My first big story in The Sunday Times about his work was in February 2004. I exposed his deal with a lawyer, Richard Barr, who was preparing a case against the manufacturers of the MMR vaccine and revealed that the parents of the Royal Free children were mostly litigants, recruited through anti-vaccine campaign groups.
Later that year I revealed he had patented a single measles vaccine which could succeed only in the wreckage of MMR.
Thus the “maverick” doctor stood exposed as a two-timer. An apparent quester after truth — but for a lawyer and, potentially, for his own benefit.

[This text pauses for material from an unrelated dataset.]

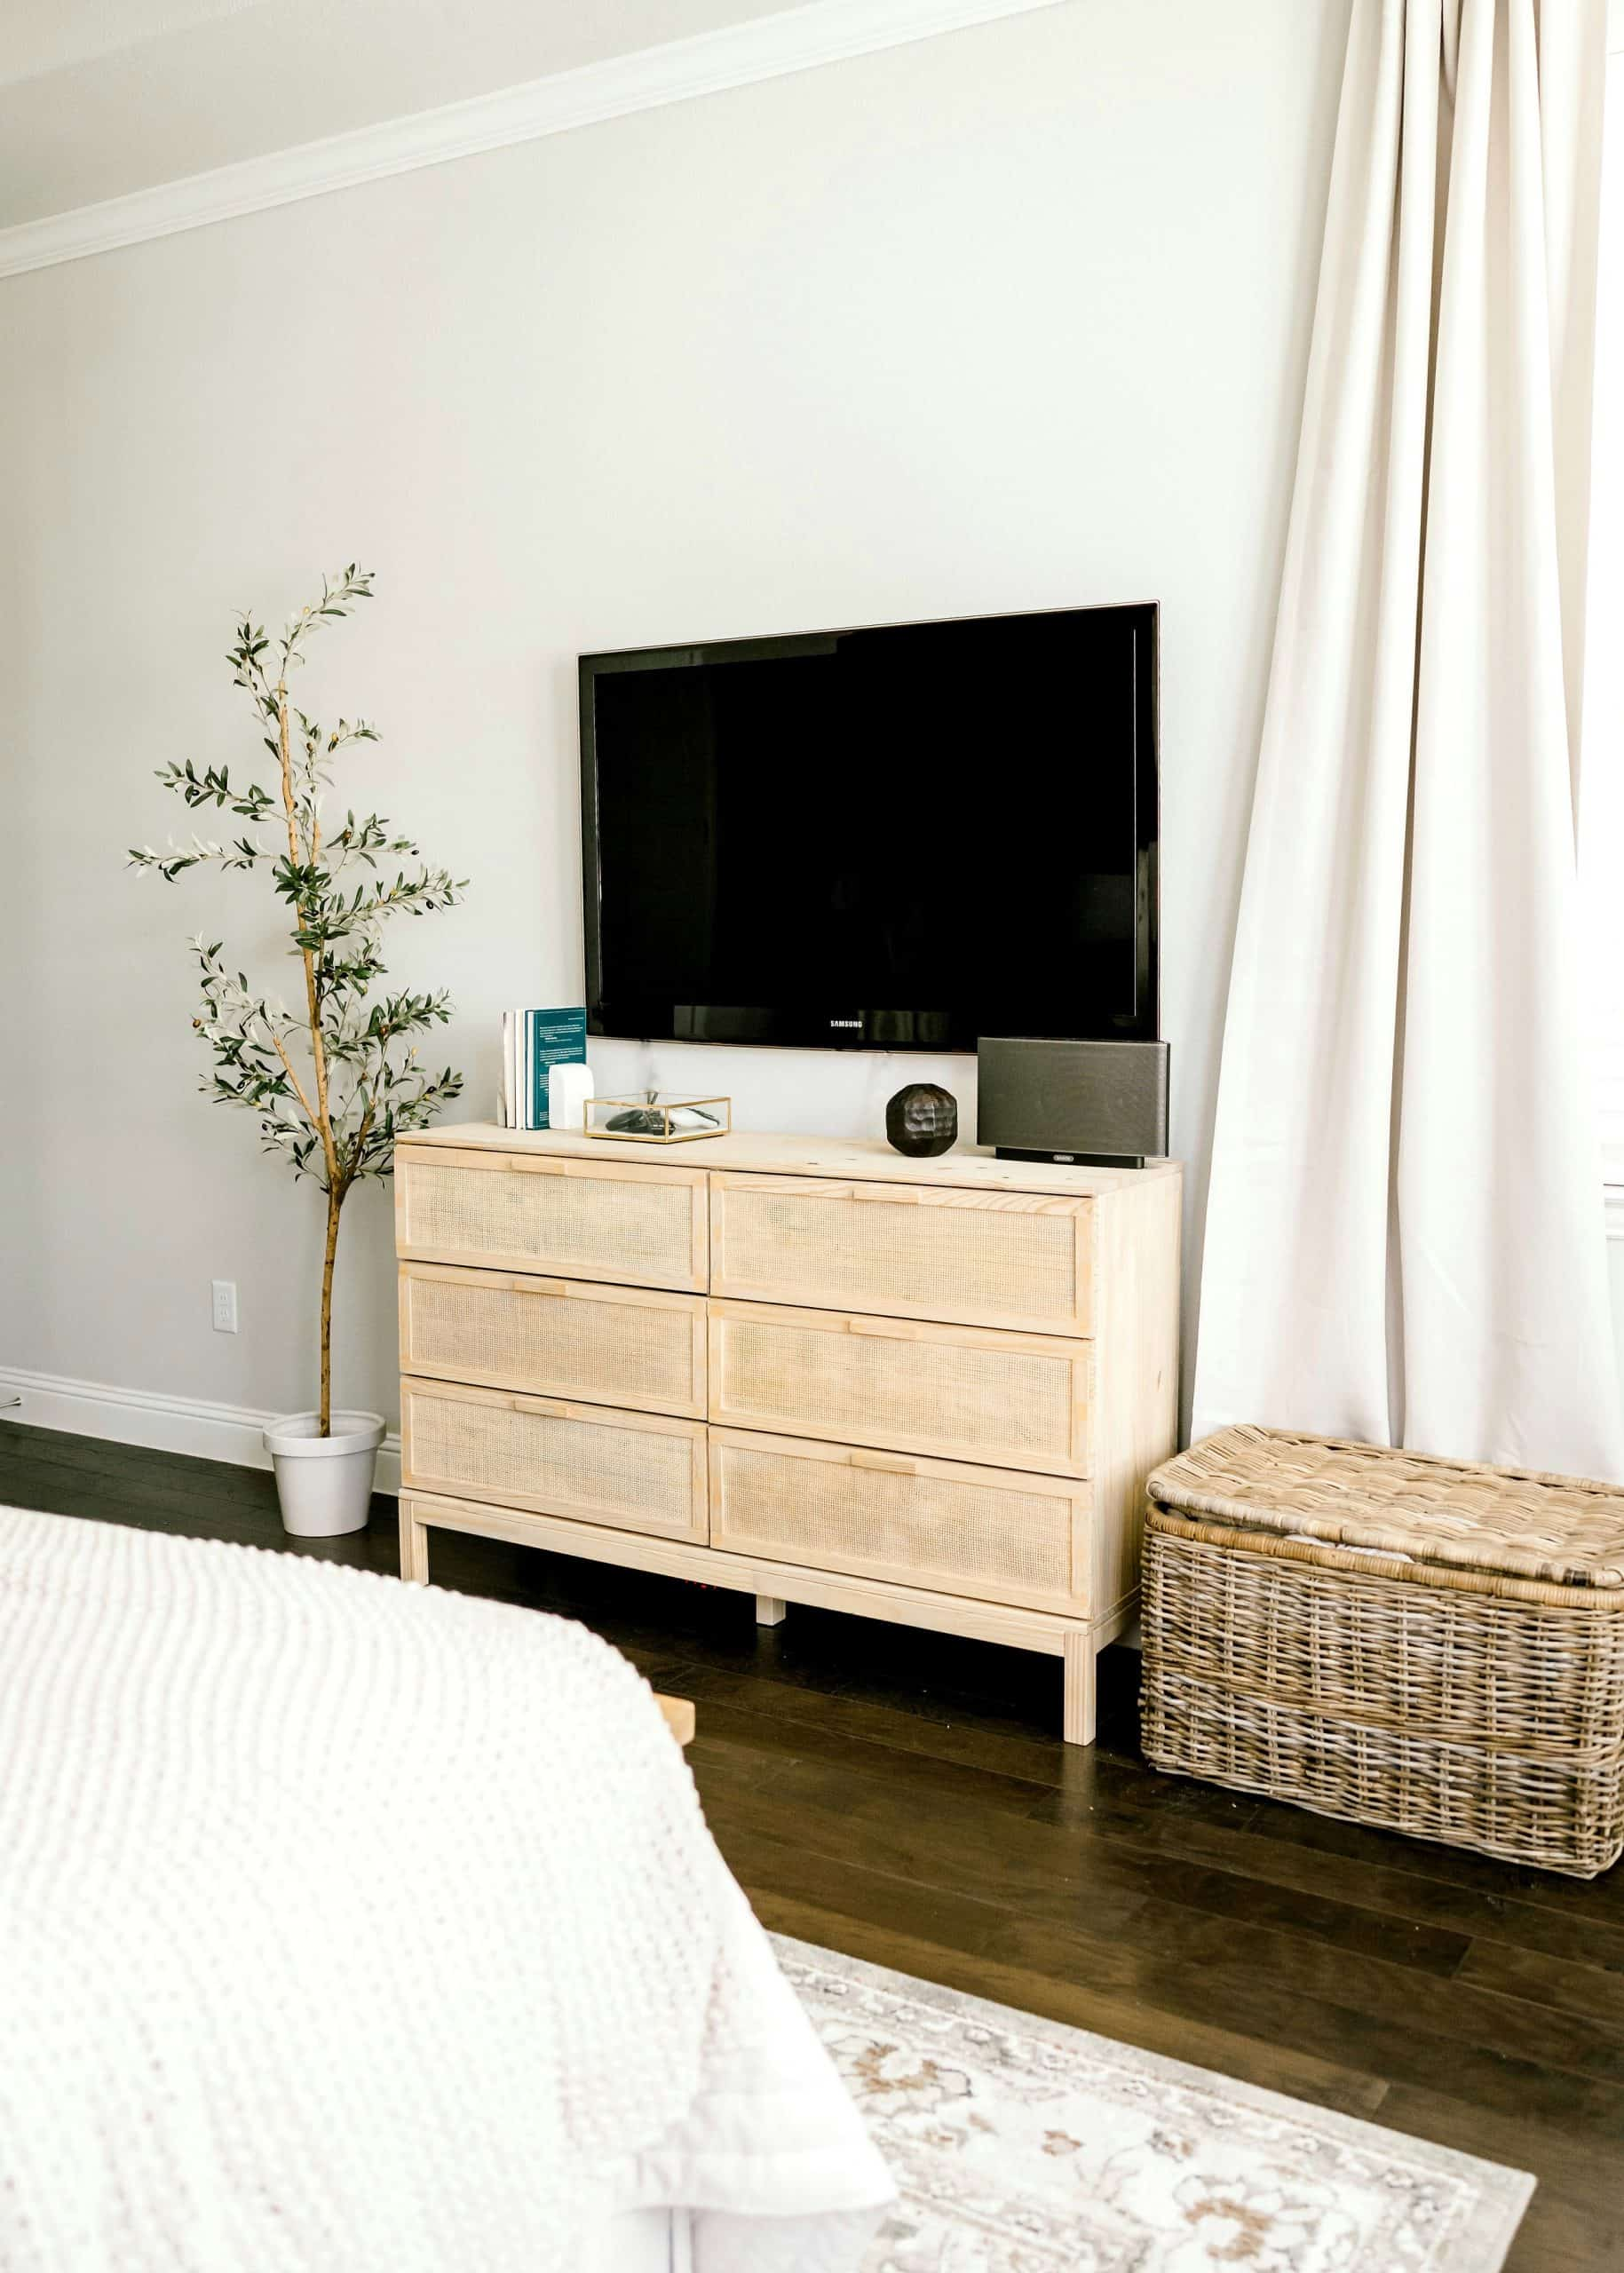 IKEA hack DIY cane dresser Reveal

More than that, he had fuelled a public health scare. MMR has been proved to be safe in countless tests, yet in the wake of Wakefield’s Lancet paper immunisation rates in Britain dropped dramatically and led to a surge in measles cases. In April 2006 a child died of the disease in Britain for the first time in 14 years.
Even today the rate of MMR uptake stands at 85% for two-year-olds; well below the 95% which the World Health Organisation says will give the population “herd immunity” from measles. Outbreaks remain a danger.
That is not Wakefield’s fault, he insists. Instead it is the government that is to blame for not dancing to his tune. Parents should have been offered the choice of single measles shots, he says, notwithstanding the grievous risks of rubella. Nor did he do what the GMC says he did.
“It’s a story that the government and the pharmaceutical industry don’t want me to tell,” he told a conference of young mothers in Chicago in 2008.
As for the proven charges — the product of 197 days of investigation — well, Kumar and his panel are wrong. “The allegations against me and my colleagues are both unfounded and unjust,” he declared to his supporters outside the GMC’s offices on Thursday. “I repeat, unfounded and unjust.”
Wakefield will probably never admit to his errors. But exposing his methods has been worthwhile, according to medical sources.
“People can’t understand whether a scientific study is valid or invalid,” said a senior doctor who had watched vaccination rates slump, even in the face of endless research on MMR safety. “But they can understand ‘right’ and ‘wrong’, and they can understand ‘honest’ and ‘dishonest’.”
Lawyers have told me that any one of the more than 30 charges that were proved against Wakefield would typically lead to his being struck off. His days as a medical practitioner will soon be history. A further hearing will determine whether “serious professional misconduct” was committed.
Yet more troubling for Wakefield’s future are his prospects for research, or at least of getting it published.
“Any journal to which a researcher shown to be dishonest submitted a paper would reject it,” said Richard Smith, former editor of the British Medical Journal, this weekend. “They would say, ‘This man can’t be trusted’. His career as a researcher is effectively over.”
Wakefield’s economic and fan base are undented, however. He is now executive director of an autism clinic in Austin, Texas, where he earns a reported £175,000 a year. “My wife loves it here,” he said last year. “My family love it here.”
Even before Kumar spoke, a ferocious campaign took off online denouncing the GMC as corrupt. “False testimony denies Lancet doctors a fair hearing,” trumpeted a lawyer advising Wakefield on an autism website.
On American television in August he was asked what effect being struck off would have on him. Wakefield replied: “Well, I think my credibility among the people who I believe count — that is the children who are affected, the parents of the children who are affected — will probably remain completely unchanged.”
He may be right. “We are a very welcoming, somewhat renegade, community,” said a paediatrician who works in Austin but is no fan of Wakefield. “Even the lynching he’s had in our local paper is probably not enough to turn parents away. But hopefully it will turn away the financial backers. Only time will tell.”
The town’s motto, she said, is “Keep Austin Weird”. Its citizens should have come to the GMC last week.